Your list is a good start, but I believe it should include something about
associates having an understanding of the products or services about which
your group writes. (Or ability to learn--hopefully being hired does not
automatically confer tenure.) I suggest you should look for writers that,
when dealing with the SME, can at some point "take it from here" and can
know when to suggest improvements to the product or process. Otherwise,
you're secretaries.
Along with your list, your group should consider common procedures. Since
you see the need to have a "group," it would be nice if anyone could fill in
for anyone else and recognize what's happening during illness, vacation,
parental leave, etc.
And, your list of ways to make yourself better and get organized should also
detail what is expected of the supervisor. Heaven help you if your group is
like what many of us are afflicted with, i.e., promotion to supervision is
equivalent to semiretirement.
As part of making the core competencies list, it should be useful to
indicate milestones or schedules for achieving them. That is, your process
should be combined with the performance assessment process and include steps
for addressing poor performance.
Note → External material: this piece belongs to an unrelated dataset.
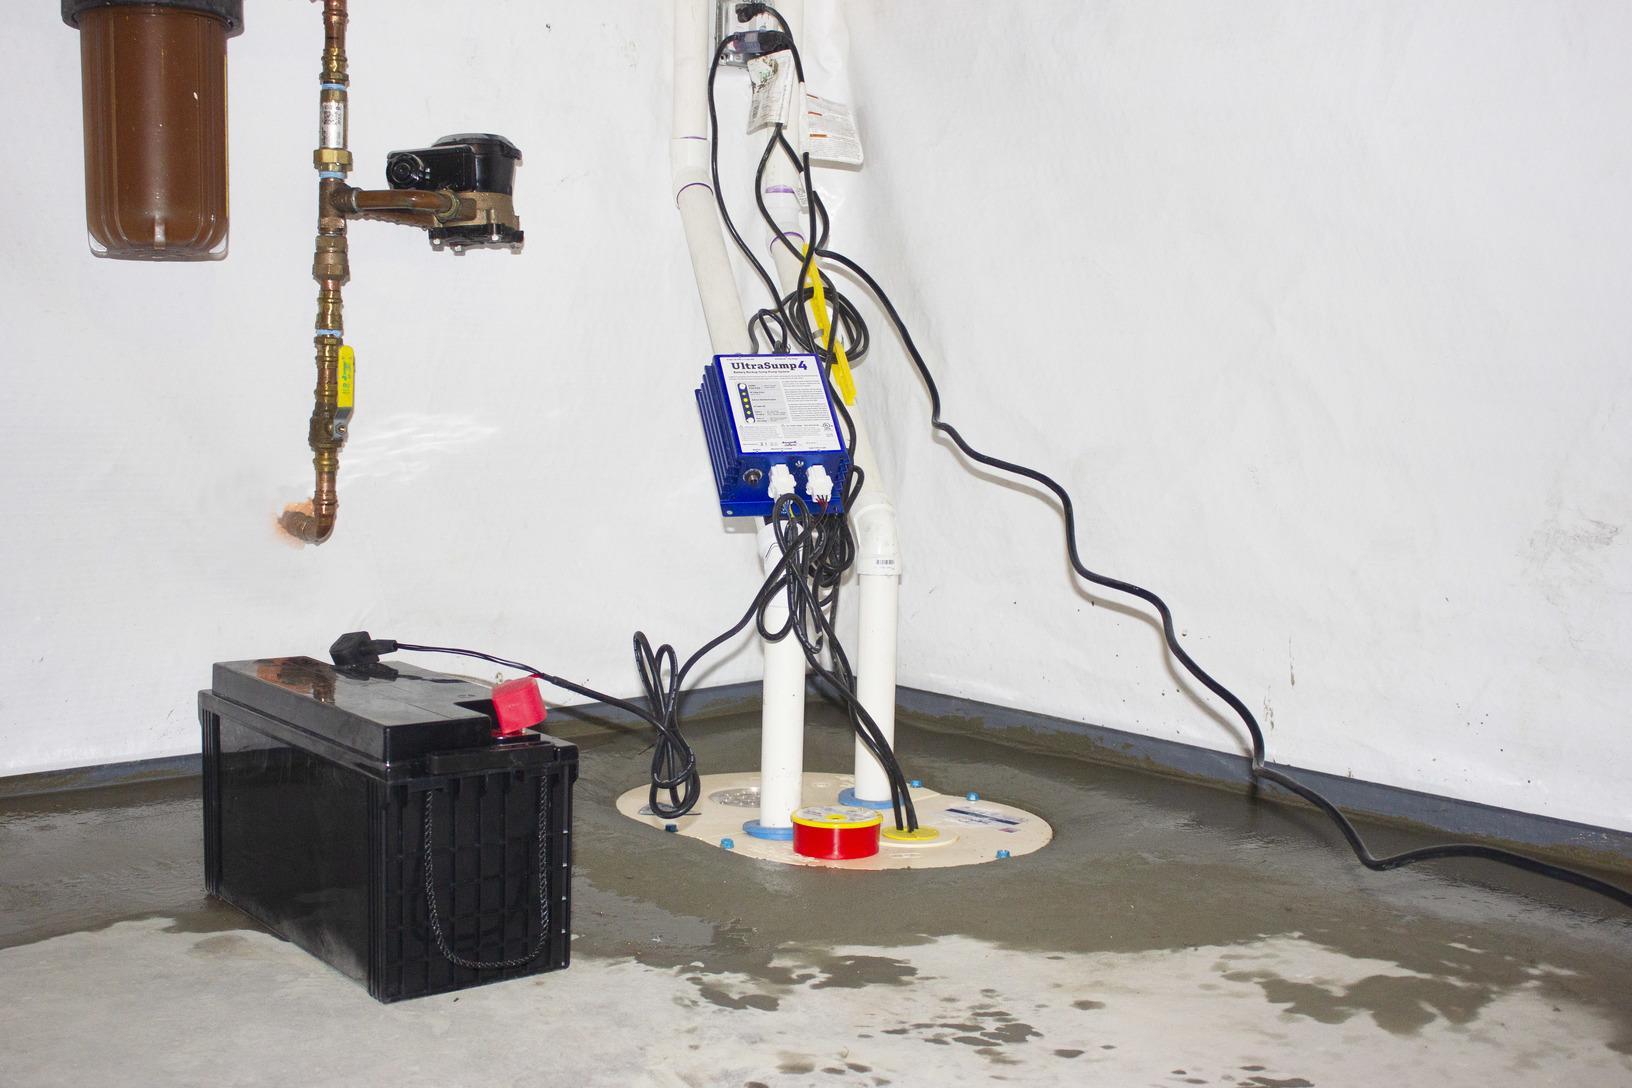 Basement Waterproofing in Weare, New Hampshire, by Matt Clark's Northern Basement Systems.
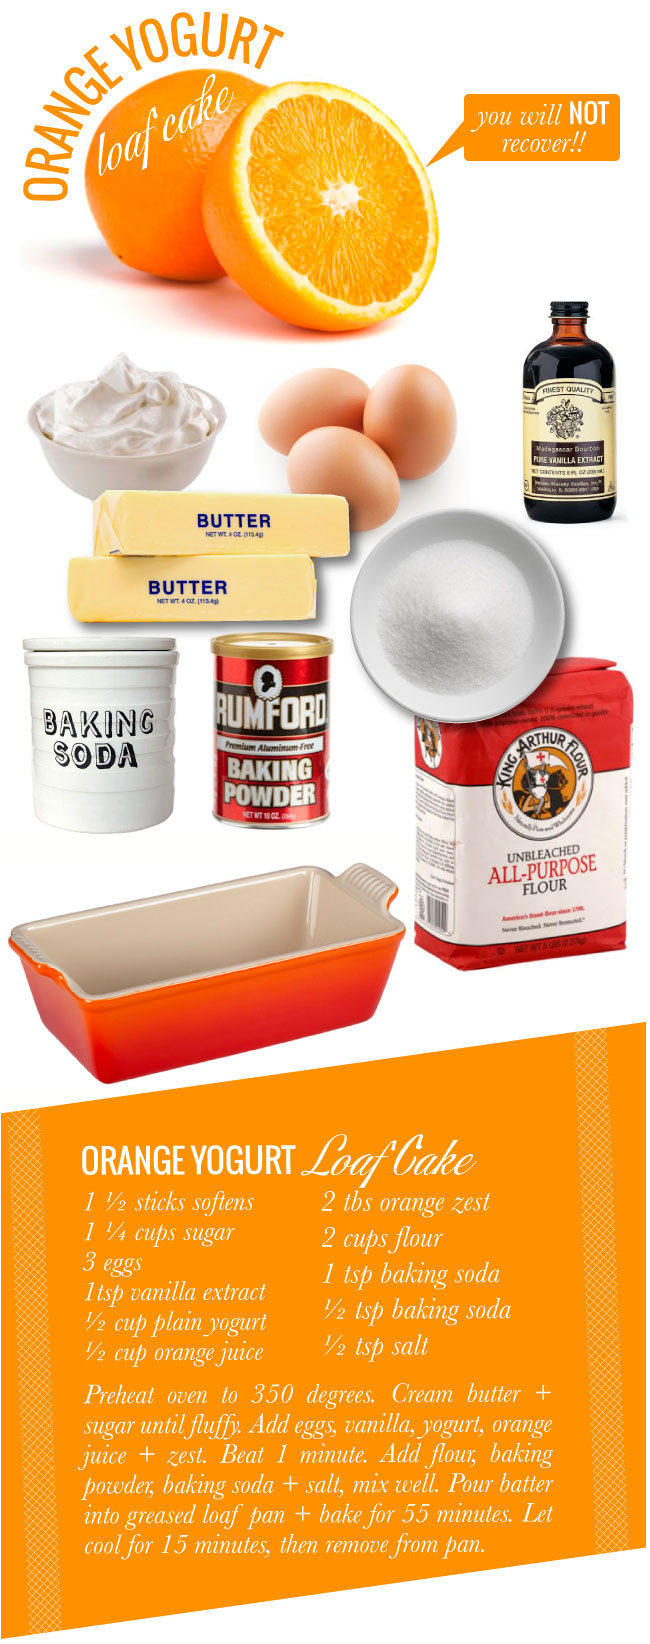 Orange-Yogurt-Loaf-Care.jpg

It will be a challenge to accomplish this
while not making it a personality test.
I suggest that listing core competencies of associates is a futile exercise
without both having common procedures and knowing what is expected of the
supervisor and incorporating performance assessment. (You didn't say you
weren't, of course.) Most of all, don't overdo it. If associates can't
operate without lots and lots of rules, you're hiring the wrong writers.
No, I wasn't one of the Powerball winners, but I know some. Would have
hated to have to give up technical writing.